Albert Gudmundsson è arrivato alla Fiorentina in estate, con altissime aspettative. Reduce da prestazioni scintillanti con la maglia del Genoa, l’islandese sembrava l’uomo giusto per aggiungere imprevedibilità e qualità all’attacco viola. Ma la prima parte di stagione ha preso una piega decisamente diversa da quella che ci si aspettava, con un ritorno di fuoco solo nelle ultime partite.
Carriera e profilo tecnico
Cresciuto in Islanda, Gudmundsson ha mosso i primi passi in Europa vestendo le maglie di PSV e AZ Alkmaar. Il salto in Italia, al Genoa nel 2022, lo ha lanciato come uno degli attaccanti più interessanti e promettenti prima della Serie B, poi della Serie A. La sua crescita esponenziale nella scorsa stagione ha spinto la Fiorentina a puntare su di lui fino a sborsare 28 milioni di euro per assicurarsi le sue prestazioni. L’islandese è un giocatore duttile e polivalente, capace di agire sia da esterno offensivo ma soprattutto come seconda punta (ama sviare su tutto il fronte d’attacco). Il dribbling rapido e un tiro preciso lo rendono una costante minaccia per le difese avversarie, soprattutto quando riesce a muoversi tra le linee senza dare punti di riferimento.

L’arte del gol: come Gudmundsson ha colpito la Serie A
La scorsa stagione con la maglia del Grifone ha dimostrato quanto l’islandese sia letale quando riesce a liberarsi alle spalle dei difensori o a ricevere palla sulla trequarti per poi puntare l’area con decisione. Molti dei suoi gol sono arrivati da situazioni di inserimento rapido o con conclusioni potenti e precise dal limite dell’area, sfruttando il suo destro naturale. La sua intelligenza tattica gli permette di essere sempre nel posto giusto al momento giusto.
Dalle stelle alle stalle
Accolto dai tifosi viola con grande entusiasmo, le prime giornate di campionato sono state un vero e proprio incubo per l’ex Genoa: tormentato dai problemi fisici, nonostante qualche guizzo importante come la doppietta decisiva contro la Lazio e il gol contro il Milan, è apparso spesso fuori condizione e poco incisivo. Uno dei principali problemi è stato il complicato adattamento al sistema di gioco di Raffaele Palladino (4-2-3-1), sistema che richiedeva maggior sacrificio in fase di copertura e lo costringeva a partire da posizioni più defilate e arretrate. La lucidità sotto porta è mancata e le sue potenzialità sono state limitate molto spesso dalla panchina.
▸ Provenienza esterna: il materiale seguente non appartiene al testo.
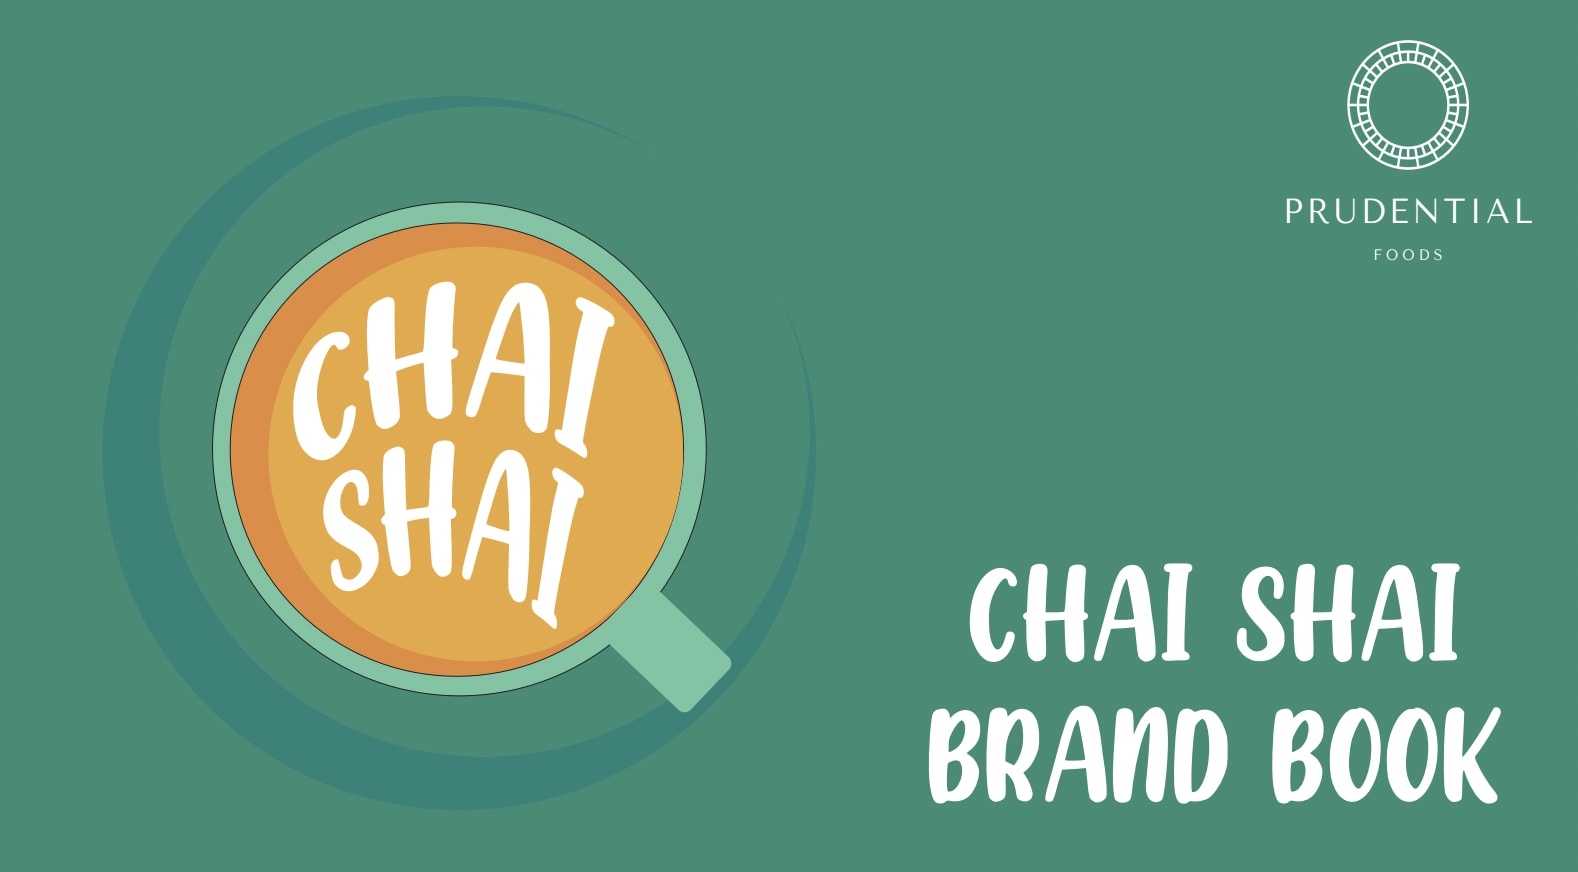 Chai For | Finally, Real Chai. Real Spices. Real Flavor. Real Easy.

La svolta tattica di Palladino
Il cambio modulo con il passaggio al 3-5-2 ha rappresentato un grande punto di svolta per la Fiorentina e per lo stesso Gud, che è riuscito a trovare una collocazione ideale accanto a Moise Kean, potendo svariare liberamente sul fronte offensivo senza perdere lucidità nei pressi dell’area. Le sue carattteristiche vengono sfruttate al meglio, con la possibilità di attaccare la profondità e dialogare rapidamente con i compagni.
L’ultimo segnale è arrivato contro la Juventus, partita in cui il classe ’97 si è preso la scena segnando un gol stupendo da fuori area dopo essere stato servito a centrocampo dal compagno di squadra Nicolò Fagioli.
La partita del Franchi è la ciliegina sulla torta di un periodo magico. Già contro il Genoa Gudmundsson era tornato segnando il gol dell’ex, poi un nuovo infortunio alla spalla (meno grave del previsto) e poi il ritorno in campo con il botto: gol contro il Napoli, gol contro il Panathinaikos che è valso la qualificazione ai quarti di Conference League e poi il gioiello contro la Vecchia Signora.

Riscatto e continuità
Se Gud riuscirà a mantenere lo stesso livello senza acciacchi fisici, Palladino potrà contare su un vero top player e il suo valore di mercato, già importante, potrebbe lievitare ulteriormente. La sua storia in questa stagione è quella di un giocatore che, nonostante le difficoltà iniziali, ha saputo risollevarsi grazie al lavoro, alla determinazione e alla fiducia ritrovata. Ora la Serie A si gode il suo talento, sperando che la continuità finalmente ritrovata non sia solo un’illusione ma il ritorno di una stella che si era spenta.